7. Ekspulsi: Setelah bahu keluar, kepala dan bahu diangkat ke atas tulang pubis ibu dan
badan bayi dikeluarkan dengan gerakan fleksi lateral ke arah simfisis pubis.
Proses penurunan kepala janin, Sumber: Cunningham et. al. William Obstetrics 23rd Edition
4
Ibu hamil disebut telah memasuki persalinan bila terdapat gejala dan tanda
persalinan(in partu),yaitu :
1. Adanya his 2-3x dalam 10 menit (his adalah kontraksi uterus yang semakin lama semakin
kerap dan menyebabkan kemajuan persalinan )
2. Keluarnya cairan lendir bercampur darah (“bloodyshow”) melalui vagina.
3. Penipisan dan pembukaan serviks
DIAGNOSIS PERSALINAN
Anamnesis
Tujuan anamnesis adalah mengumpulkan informasi tentang riwayat kesehatan, kehamilan dan
persalinan. Informasi ini digunakan dalam proses membuat keputusan klinik untuk menentukan
diagnosis dan mengembangkan rencana asuhan atau perawatan yang sesuai.
Tanyakan pada ibu:
Nama, umur dan alamat
Gravida dan para
Hari pertama haid terakhir
Kapan bayi akan lahir (menurut taksiran ibu)
Riwayat alergi obat-obatan tertentu
Riwayat kehamilan yang sekarang:
Apakah ibu pernah melakukan pemeriksaan antenatal? Jika ya, periksa kartu asuhan
antenatalnya (jika mungkin).
Pernahkah ibu mendapat masalah selama kehamilannya (misalnya; perdarahan,
hipertensi, dll)?
Kapan mulai kontraksi?
Apakah kontraksi teratur? Seberapa sering kontraksi terjadi? Apakah kontraksi makin
lama makin kuat dan sering ?
Apakah ibu masih merasakan gerakan bayi? Apakah bayi dirasakan bergerak lebih aktif
atau kurang aktif ?
Apakah selaput ketuban sudah pecah? Jika ya, apa warna cairan ketuban? Apakah kental
atau encer? Kapan saat selaput ketuban pecah? (Periksa perineum ibu untuk melihat air
ketuban di pakaian dalamnya).
5
Apakah keluar cairan bercampur darah dari vagina ibu? Apakah berupa bercak atau
darah segar per vaginam? (Periksa perineum ibu untuk melihat darah segar atau lendir
bercampur darah di pakaian dalamnya).
Kapan ibu terakhir kali makan atau minum?

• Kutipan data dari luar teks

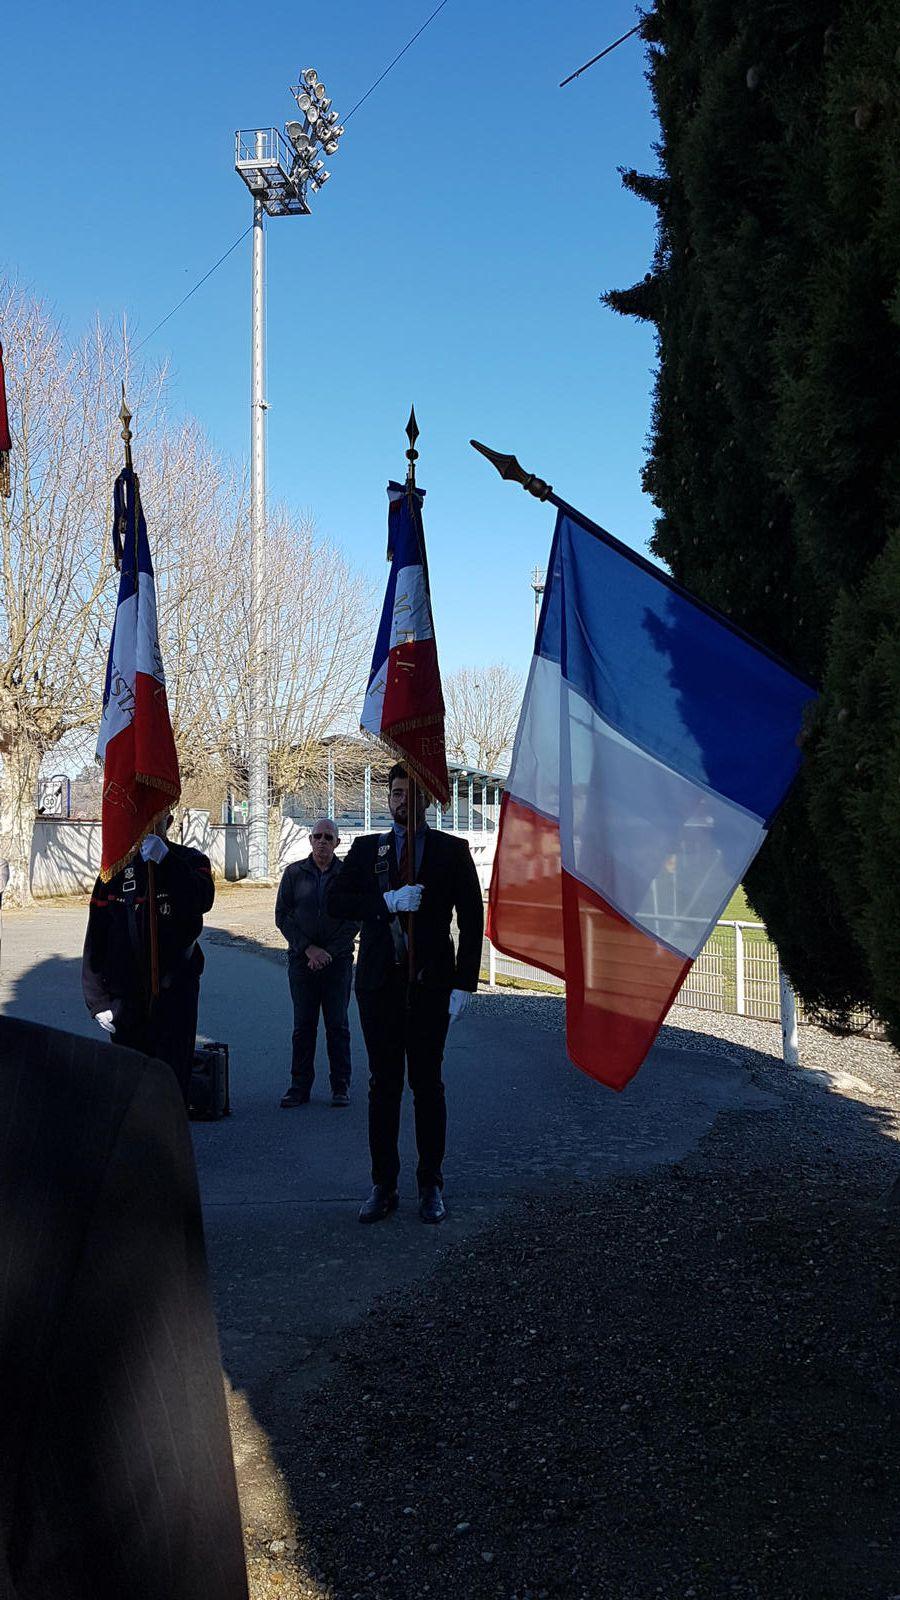 Photos de Zoé Gauthier - Jean-Pierre Blanc et Bernard Desjardins

Apakah ibu mengalami kesulitan untuk berkemih?
Riwayat kehamilan sebelumnya:
Apakah ada masalah selama persalinan atau kelahiran sebelumnya (bedah sesar,
persalinan dengan ekstraksi vakum atau forseps, induksi oksitosin, hipertensi yang
diinduksi oleh kehamilan, preeklampsia/eklampsia, perdarahan pascapersalinan)?
Berapa berat badan bayi yang paling besar yang pernah ibu lahirkan?
Apakah ibu mempunyai bayi bermasalah pada kehamilan/persalinan sebelumnya?
Riwayat medis lainnya (masalah pernapasan, hipertensi, gangguan jantung, berkemih dll)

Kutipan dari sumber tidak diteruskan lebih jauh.